Closed n400peanuts closed 1 year ago

jiqicn commented 1 year ago

Hi @n400peanuts, I wrote the unit test to check if the generated sample set is aligned to the crosstab given by Kristina, and you can find the test file in the ipf_sample branch (you may want to remove the parametrize mark before merging it to main to avoid repeating tests for 100 times on GitHub Actions).

I repeated the 100-time-test many times on my computer and usually only a few of them passed (see the screenshot below). Most of the time, it indicates an insignificant p-value for columns 8 and 9 which are self-rated health and critical job, but it sometimes also happened to columns 0 and 8 (gender and self-rated health).

image

I also double-checked if there are typos in my code (e.g. giving the wrong crosstab information), but I can't find any.

I'm not sure if this testing result can be treated as proof that the weights generated by the IPF algorithm should be improved. What do you think?

n400peanuts commented 1 year ago

Hi @jiqicn great that you did the test, it resulted indeed useful!! yuppie.

It's interesting that, systematically, 8 and 9 are failing. This definitely did not happen to my tests in R, so it's worth to double-check that 1. I exported correctly the file and repeat it again 2. look at the type of tests you are doing/cross tabs that you are comparing (it's possible that you are using cross-tabs which are different than mine, hence the mismatch -- note that I had to manually import the crosstabs from excel to R, so it's very likely that I could have made a mistake).

I'd say though that it's great that we found this -- I will fix it as soon as I have the time (I have a hard deadline for next monday and other things to work on before, I cannot guarantee it will be before your holiday, but don't worry about it I'll manage myself :))

jiqicn commented 1 year ago

Hi @n400peanuts, no need to be in a rush, you should take a rest when feeling sick!

BTW, maybe good to let you know, I used the crosstab that you sent to Kristina and Astrid with your R code on 03/07/2023, and I also import the crosstabs by hand, so it's also possible that I made the mistake but didn't realize.

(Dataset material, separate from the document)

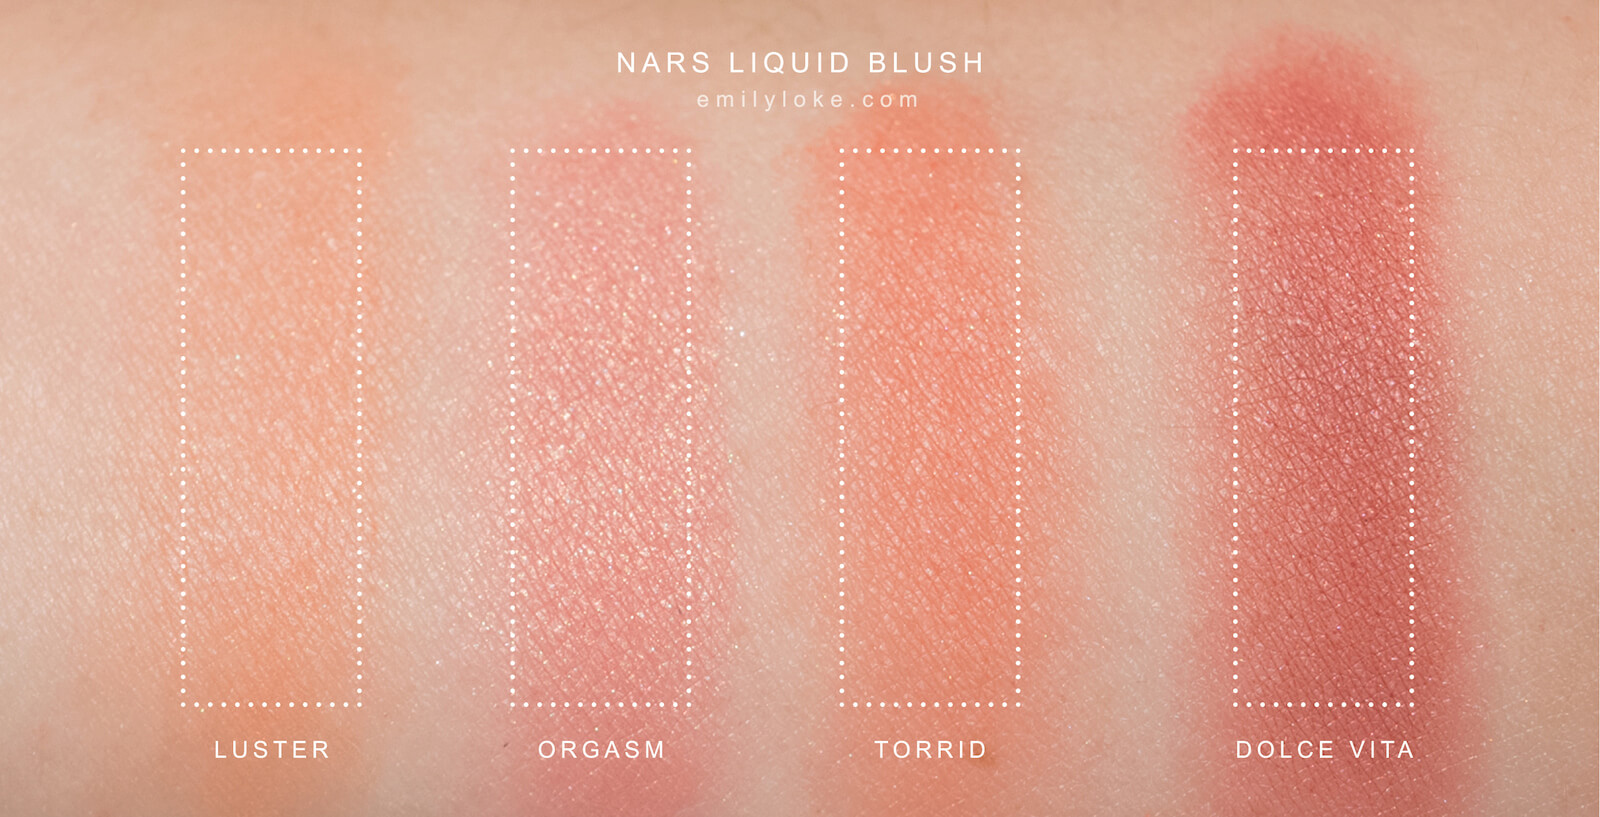 Nars Liquid Blush #Luster ,Nars,บลัชเนื้อลิควิด , Liquid Blush , Liquid Blush ราคา, Liquid Blush ใช้ดีไหม, Liquid Blush ซื้อได้ที่
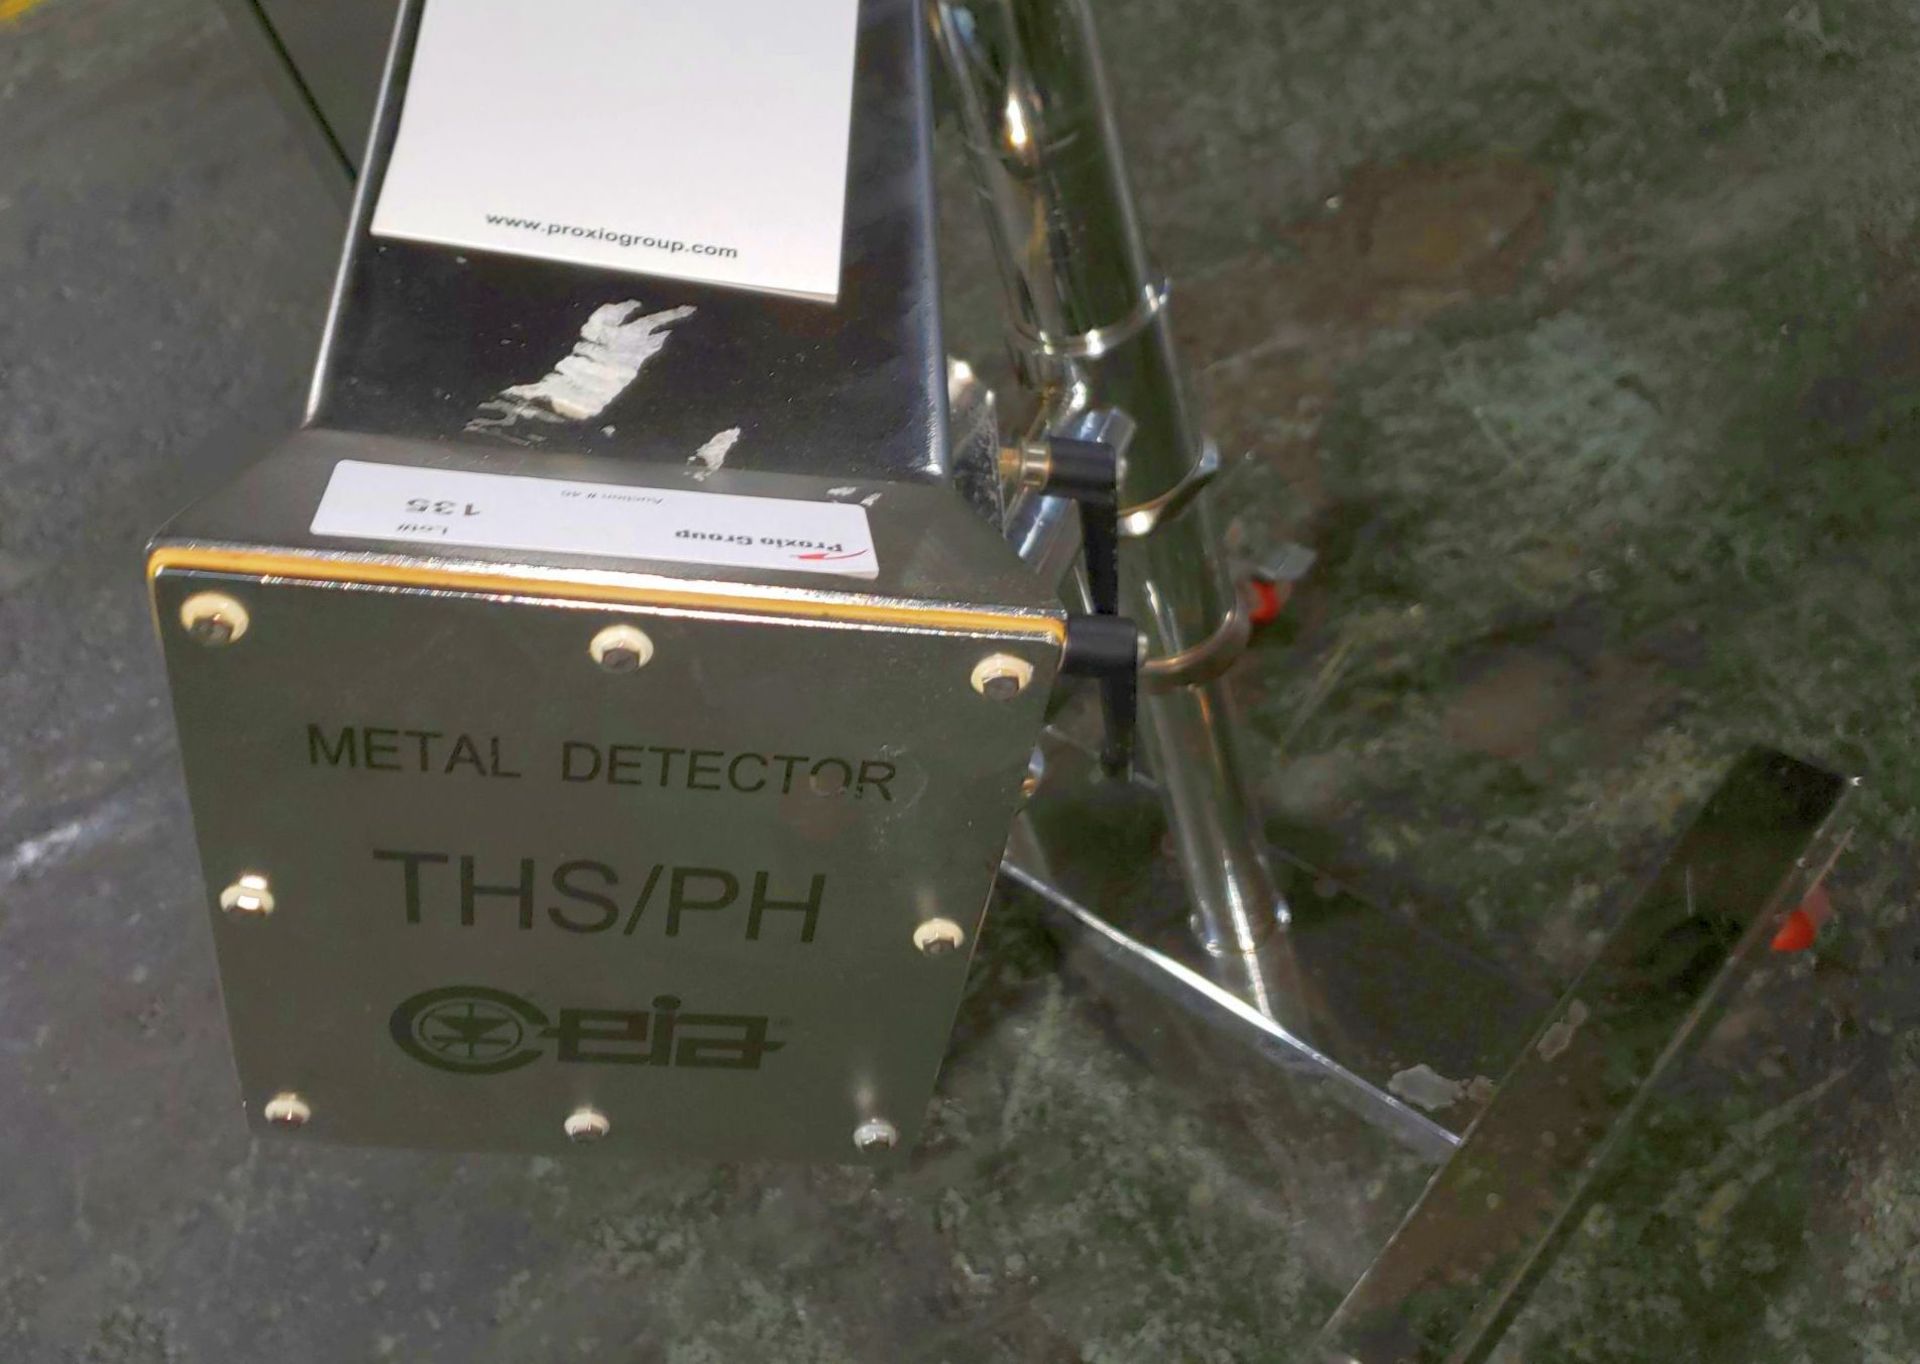 Ceia Metal Detector, Model THS/PH21 - Image 5 of 5

n400peanuts commented 1 year ago

It's ok, in the end if you found that columns 8 and 9 do not match, it means that I used the wrong info in generating the weights. In any case is fixable, and only a good news that you found the issue! :)

n400peanuts commented 1 year ago

Hi @jiqicn, good news! All the tests are passing, and both your function for sampling from ipf and the file of the weights work perfectly (yuppieee).

It took me a couple of days to solve this issue and I have made an updated file. I felt that rather than changing yours, it was better to create another one directly since the changes I made are substantial.

So the problems that I found were:

  1. The cross tabs were inverted in some places, and in others were not in the exact shape as in the original cross tabs I had in R. This meant that the comparison in the test was done against different cells than expected.
  2. The chi-square test was chi2_contingency rather than chisquare. This is based on this stack exchange post which really opened my mind. This it the equivalent of the chisq.test function I used in R.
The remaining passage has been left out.